OpenSea Scandal Shows Need for More NFT Regulation

There’s a lot you can do with a non-fungible token. Digital collectibles can work as passports to online communities, or ways for artists to interact with their fans. Bands have turned NFTs into backstage passes, and the writer Emily Segal used an NFT as a fundraising mechanism for an upcoming novel.

But an insider trading scandal at OpenSea, now one of the most important marketplaces for NFTs, serves as a reminder that – for all their potential – NFTs are still very much a speculative asset. In a world where everything becomes an NFT, casual collectors will need to be assured that the system isn’t rigged in favor of insiders.

This article is excerpted from The Node, CoinDesk’s daily roundup of the most pivotal stories in blockchain and crypto news. You can subscribe to get the full newsletter here.

Last week, Nate Chastain, OpenSea’s head of product, resigned after being accused of front-running NFTs in the way a broker might front-run a stock.

If front-running doesn’t immediately feel like a useful rubric for understanding an NFT trade, consider what Chastain is accused of doing: in a Twitter thread, an account called @ZuwuTV explained how a group of Ethereum addresses would buy up NFTs just before they appeared on OpenSea’s homepage and then sell them once the prices went up.

Receipts from Etherscan.io – a record of transactions on Ethereum – appeared to connect these addresses to Chastain.

Collectors are constantly on the hunt for what they call “alpha” – any sort of special insight that might make them early to the next hot NFT project. And OpenSea, with a daily trading volume of around $77 million and big-name backing, is at the heart of the NFT ecosystem.

When an NFT is featured on the site’s homepage, there’s a good chance it’s about to get more valuable. Chastain, @ZuwuTV inferred, was using non-public information about the platform’s curatorial strategy to make a profit flipping NFTs. Think of these trades as capitalizing on a non-public form of “alpha,” over and over again.

After a swift “third-party review” early last week, Chastain was out at OpenSea.

It’s somewhat disingenuous to argue, as one prominent influencer did this weekend, that NFTs are a “non-speculative on-ramp to get started” in crypto. An NFT is very clearly an asset with a resale value that rises and falls. It can be many things – an artwork, a fundraising vehicle, a digital VIP pass – but more often than not, it’s something you can resell. Whatever an NFT is, it’s also a trading card. To buy one is to buy into the crypto market, which is to engage with those whiplash ups and downs.

The inherently speculative aspect of crypto is something that tends to get lost in the rhetoric surrounding digital assets. NFTs and decentralized applications built on Ethereum are always going to involve an element of risk. It’s something that’s built into the technology itself – the double-edged sword of blockchain tech, a blessing and a curse.

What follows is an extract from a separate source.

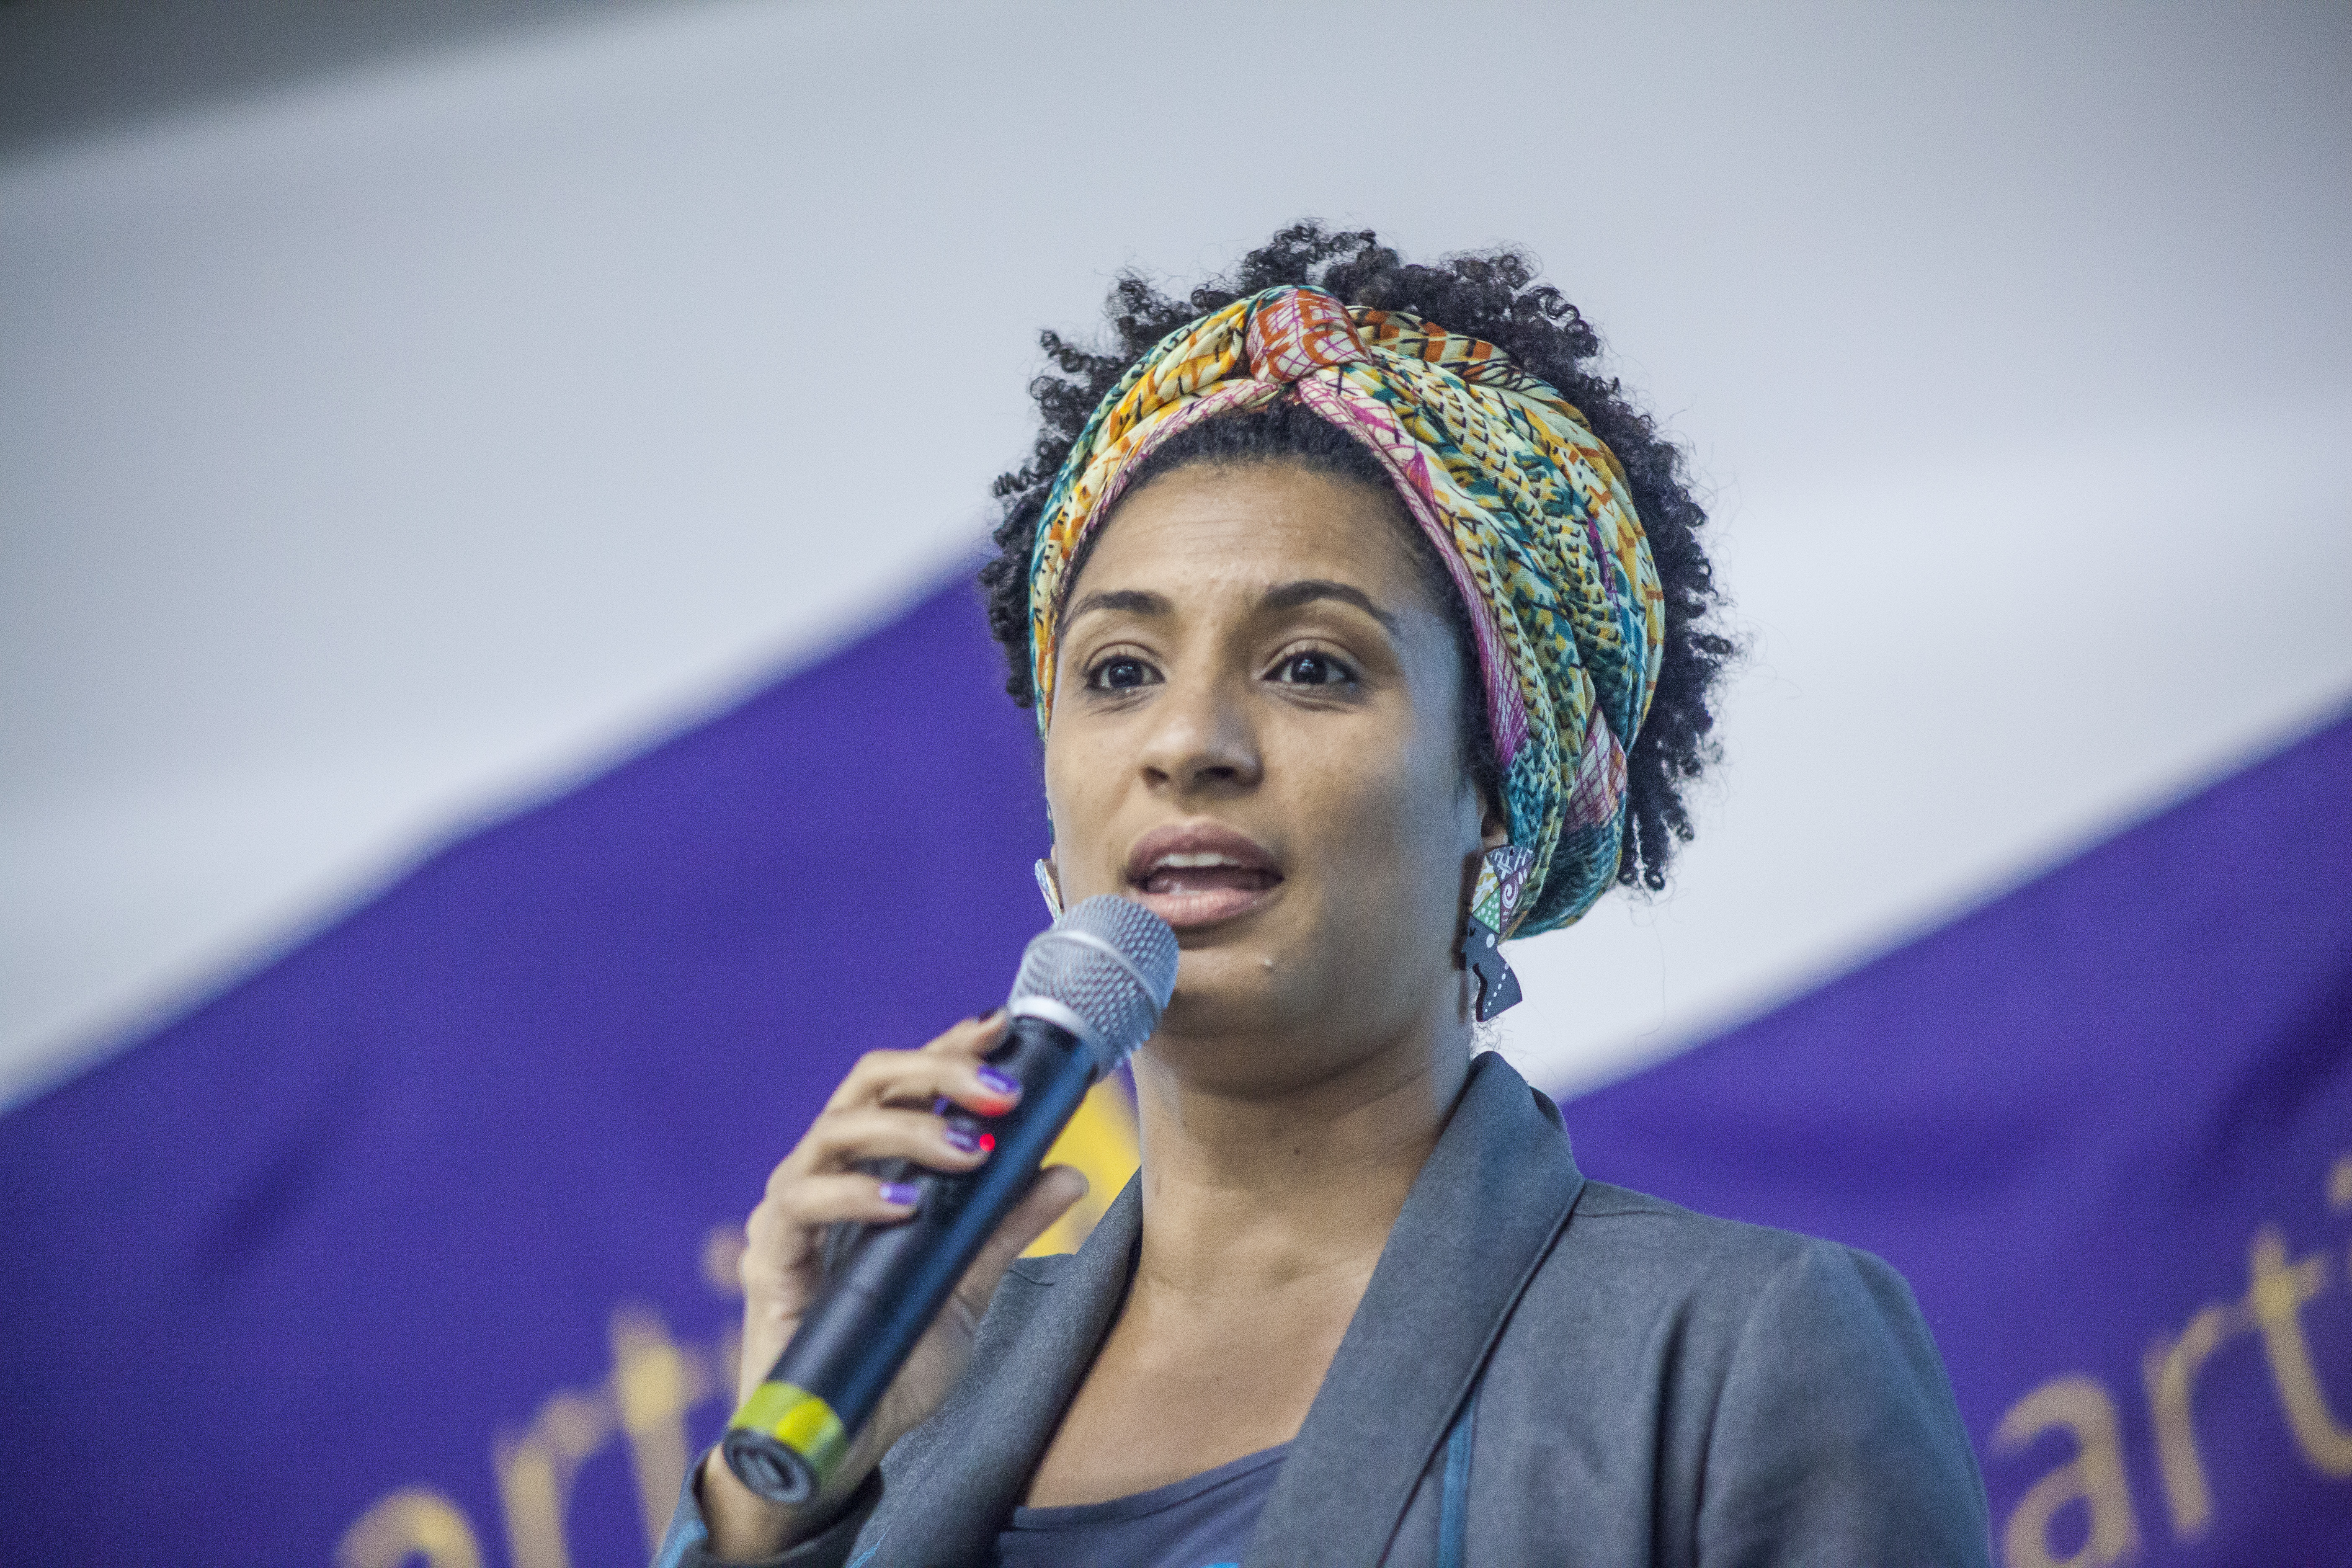 Foto de frente, até a altura do busto, da vereadora carioca Marielle Franco (1979-2018), segurando um microfone durante um discurso.

And as long as investments go up and down, there will be insiders trying to get ahead. The Securities and Exchange Commission requires publicly traded companies to disclose executives’ stock trades for exactly this reason.

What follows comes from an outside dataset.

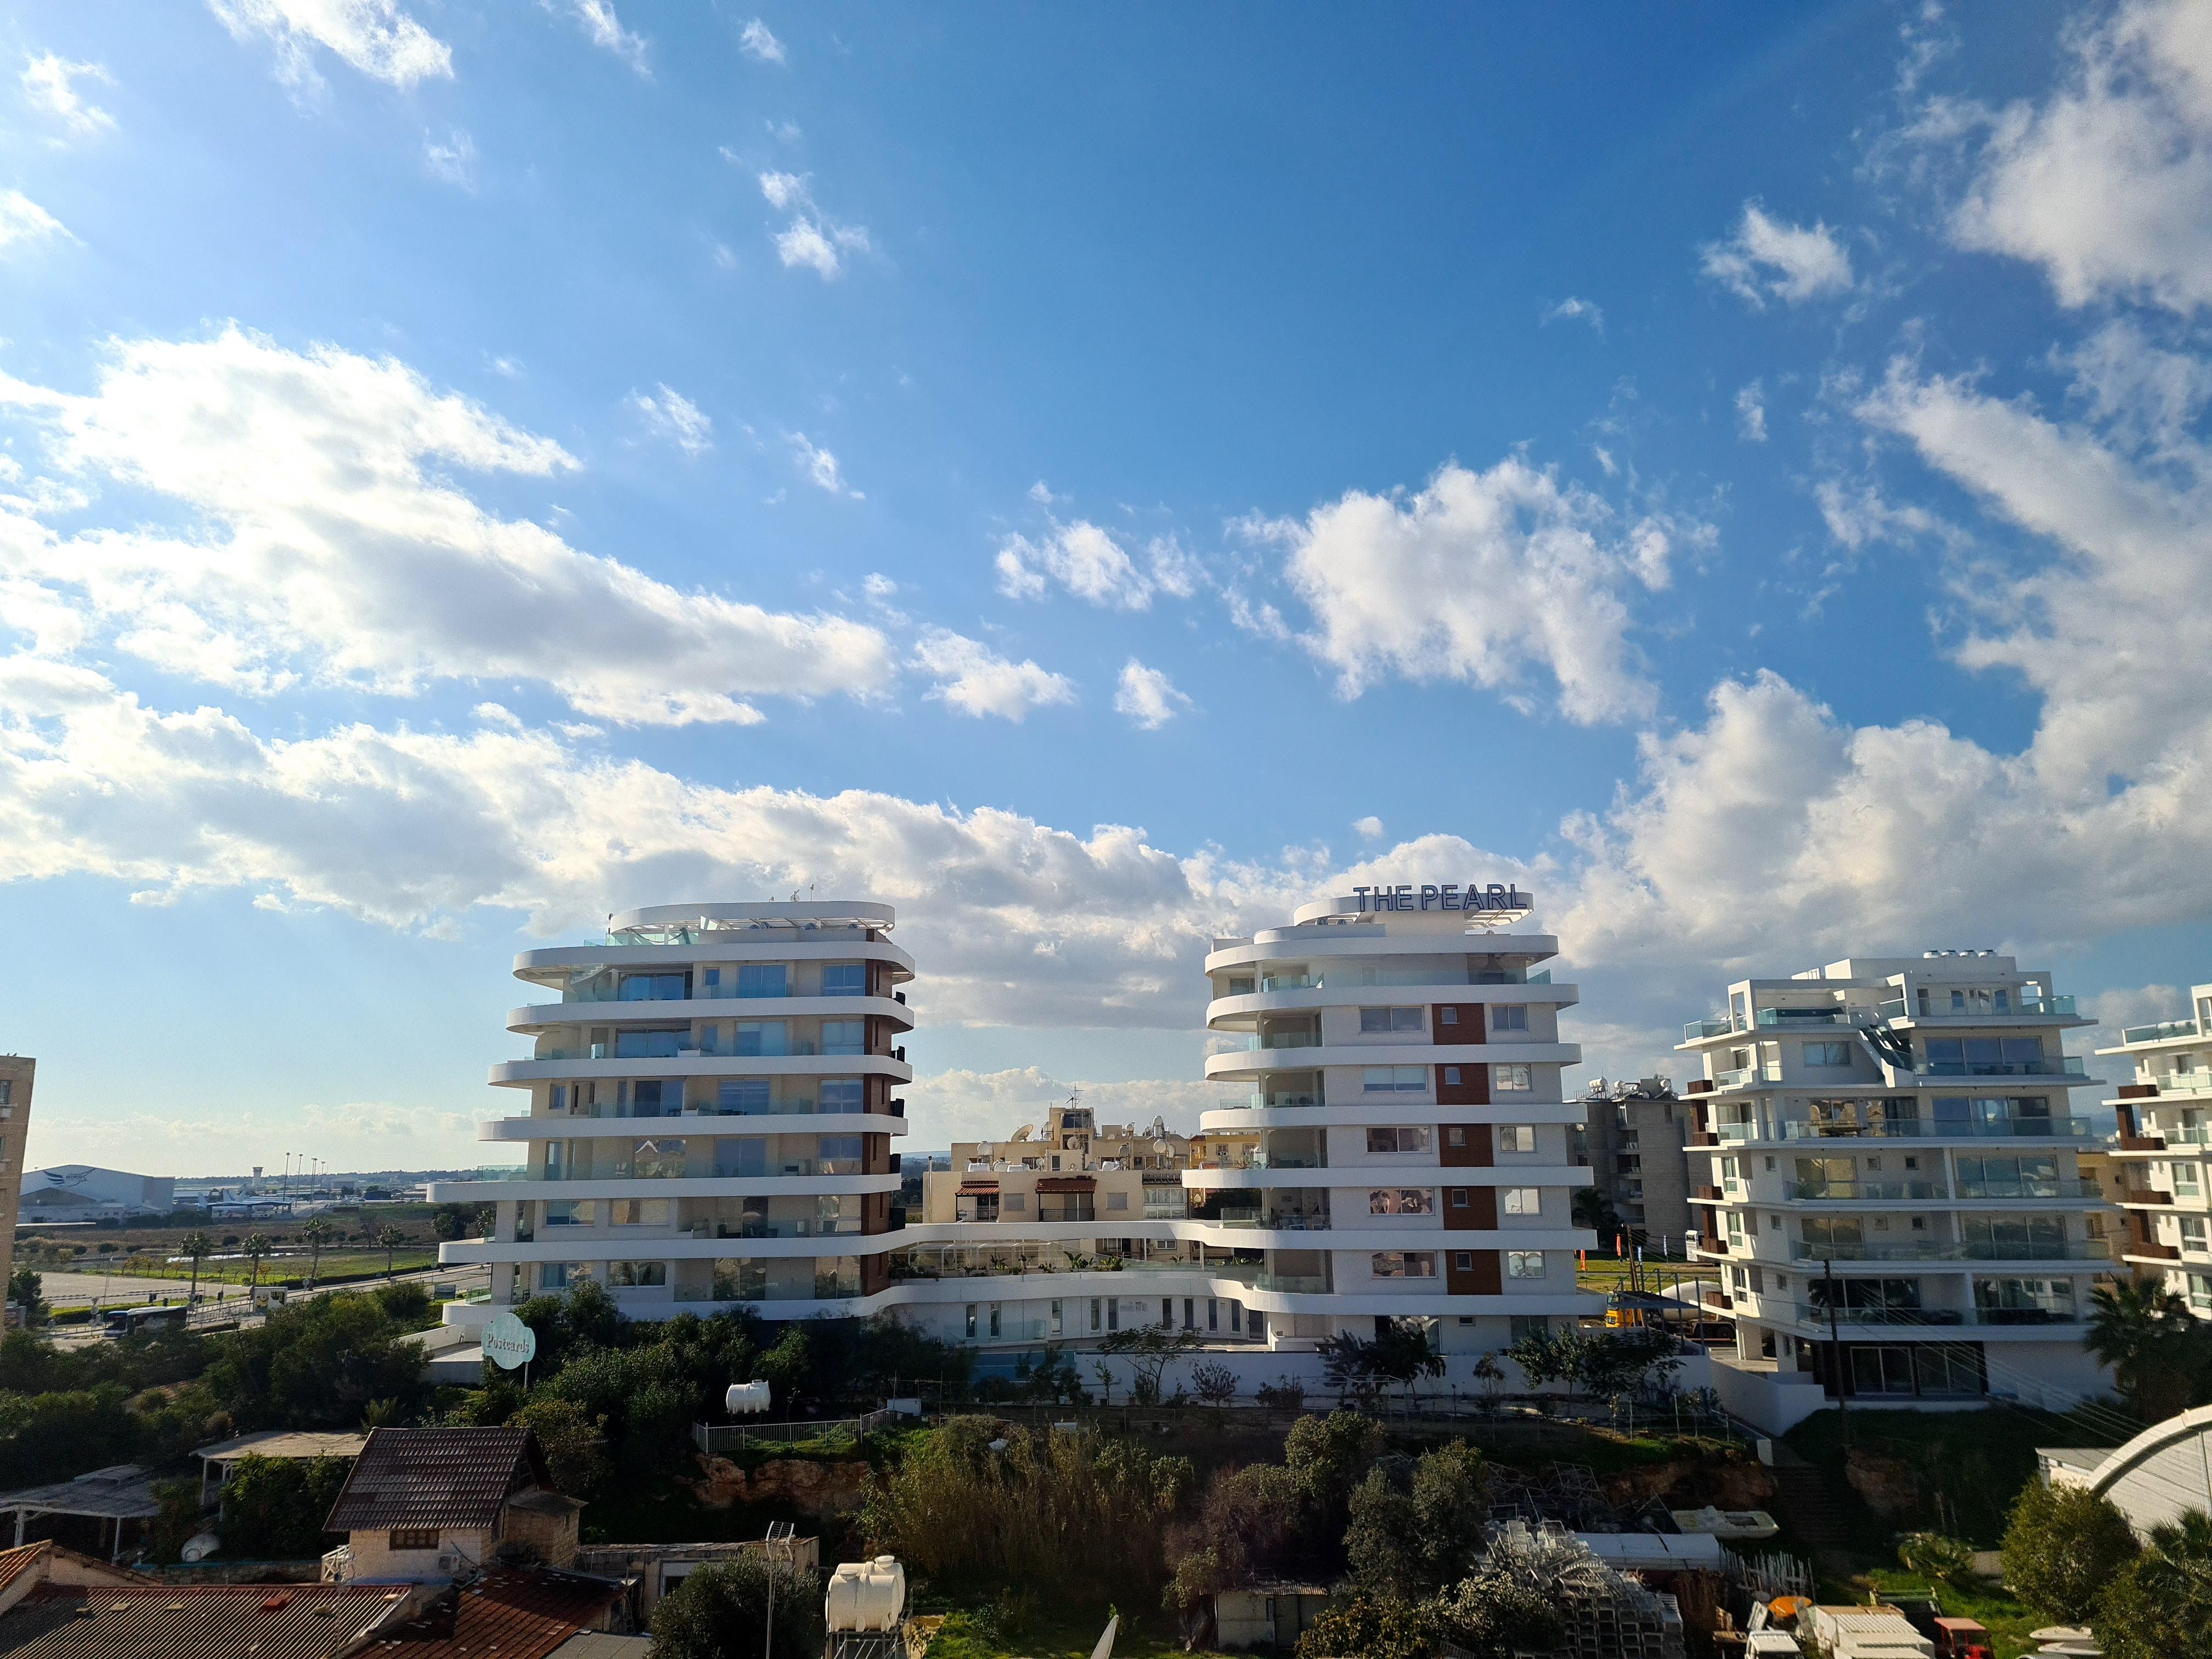 The Ciao Stelio Deluxe Hotel (Adults Only) Larnaca Zewnętrze zdjęcie

NFTs aren’t considered securities in the U.S., and regulators aren’t nearly as aggressive toward crypto as they are toward equities (at least not yet). @ZuwuTV has said he’s against further oversight, and that Chastain’s resignation is “the best we can ask for” in an unregulated market.

Read more: Has the Biden Administration Lost the Plot on Crypto Regulation? | Opinion

OpenSea has said it now explicitly prohibits employees from “using confidential information to purchase or sell any NFTs, whether available on the OpenSea platform or not.”

Community-backed enforcement is a tricky prospect – although Twitter has become a hub for self-appointed blockchain watch dogs, things can still fall through the cracks.

Crypto purists may bristle at the idea, but the path to establishing more trust in the market may involve ceding some ground to regulators. Say Instagram suddenly turned “likes” into NFTs and the first “like” on an iconic image came with the promise of monetary value down the line. It’s not hard to see how company employees could abuse inside information to get in early on, say, the first post from a celebrity new to the platform.

How would it look for companies to fight this on their own? Would it involve dedicated enforcement teams and periodic surveillance of employee wallets?

The crypto industry has a notoriously antagonistic relationship with regulation, but if NFTs are going to take off in a more mainstream way, buyers need to know they’ve got a fair shot.

To help build that trust, oversight may be a price companies are willing to pay.